これほどまでにオスカー殿が怯えるようなことを。鍛え上げられている彼をも倒す力も、この華奢な少女にはあるのでしょうか。
「私、ただ、オスカーに触ろうとした、だけで……」
私の登場に、彼女はすっかり萎縮してしまっています。厳しい表情で黙り込んでいたのもまた、彼女に恐怖を与えてしまったのでしょう。
さて、どうしたものでしょうか……。
「……彼女、悪くないから。俺が勝手に転んだだけ。足、滑らせてさ。怪我とかもないから。俺、タフだし」
オスカー殿はそう言いながら、ご自分で立ち上がりました。私への説明と。
「ごめん、驚いたよね。君は何も悪くないから。……俺が、悪いから」
彼女に向けてフォロー。オスカー殿は辛そうな表情をしながらも、私達を気遣ってくれていました。
「……それと。さっきの『話』の続きだけど」
オスカー殿はちらり、私の方を見てました。そうですわね、第三者がいては、ですわね。
「……忘れ物を取りに参りましたの。では、ごきげんよう」
私はさっと自分の席へと移動し、お借りした本を手にした。それから足早に教室に戻っていった。
今度こそ、耳を閉ざしましょう。急ぐのですよ、私!
オスカー殿は彼女に返事をしたのでしょう。彼のあの真剣な面持ち、今度は『軽い返事』ではありませんわね。

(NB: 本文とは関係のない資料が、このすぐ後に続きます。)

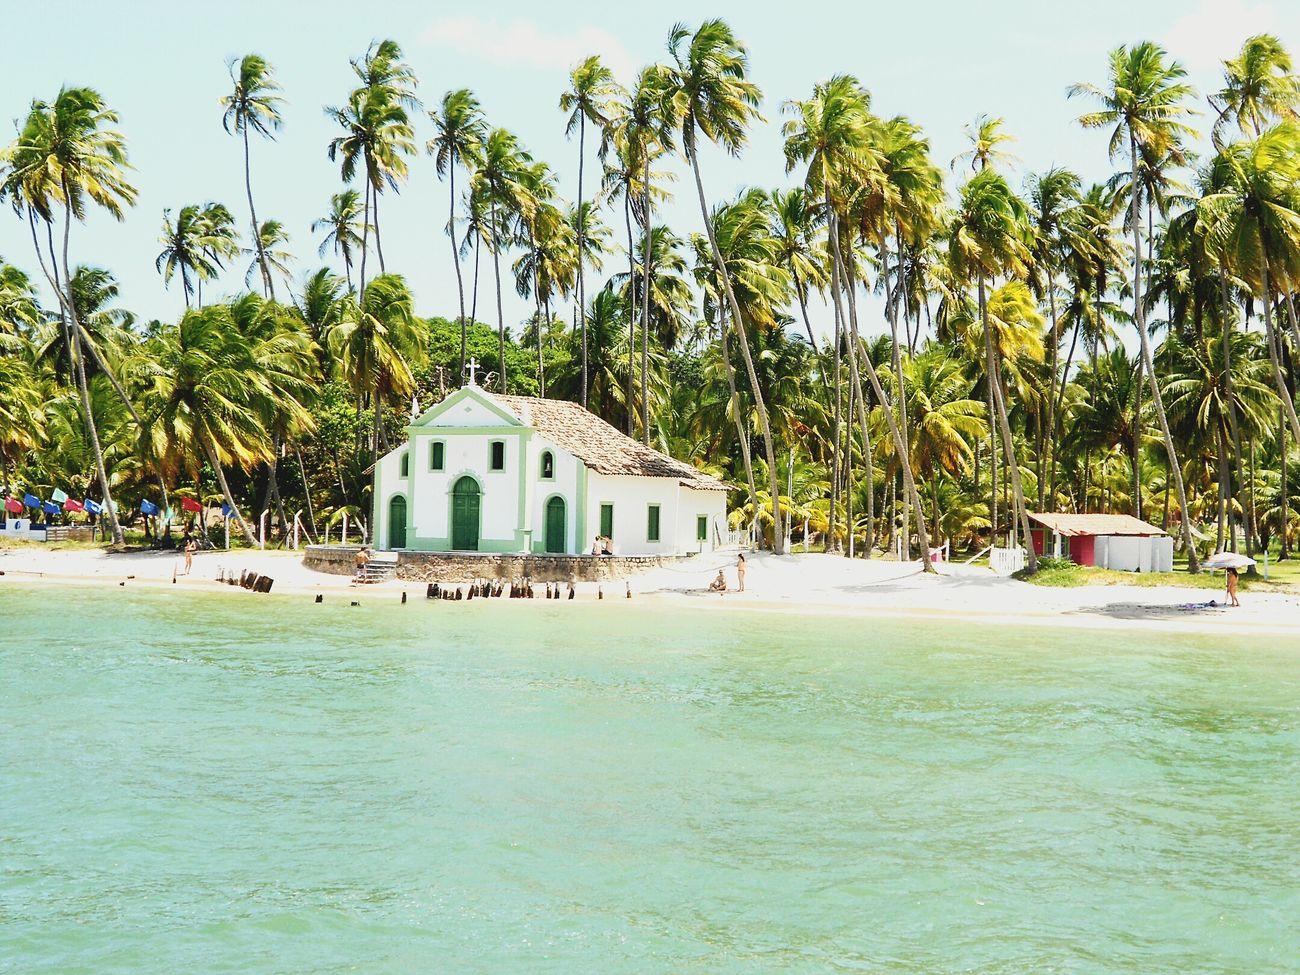 Relaxing Igreja Praia Dos Carneiros Pernambuco Natureza

本日も無事に終え、あとは就寝のみ。私は天蓋付きのベッドに入り込んだ。
「ううっ……」
身体がぶるっと震えてしまいました。窓は締めきっており、冷房が効いた部屋です。本当は窓を全開にしたら丁度良いぐらいですが、令嬢という立場もありますものね。ああ、夜風にあたりながら寝たいものですわ……。私は布団を深く被りました。
目を閉じて考えるのは、本日の出来事。ヒューゴ殿からも本をお借りしましたわね。
ヒューゴ殿から借りたご本は、恋愛小説。まだ読み終えておりません。中々読み応えがあり、続きが気になるものでした。明日の楽しみにとっておきましょう。
これから暑さは増していくことでしょう。長期休暇も楽しめますかしら。まだまだ続いていくのかしら。
いつ終わりが来て、いつ始まるかわからない日々。だとしても、私は明日に期待を馳せながら眠りにつくのでした――。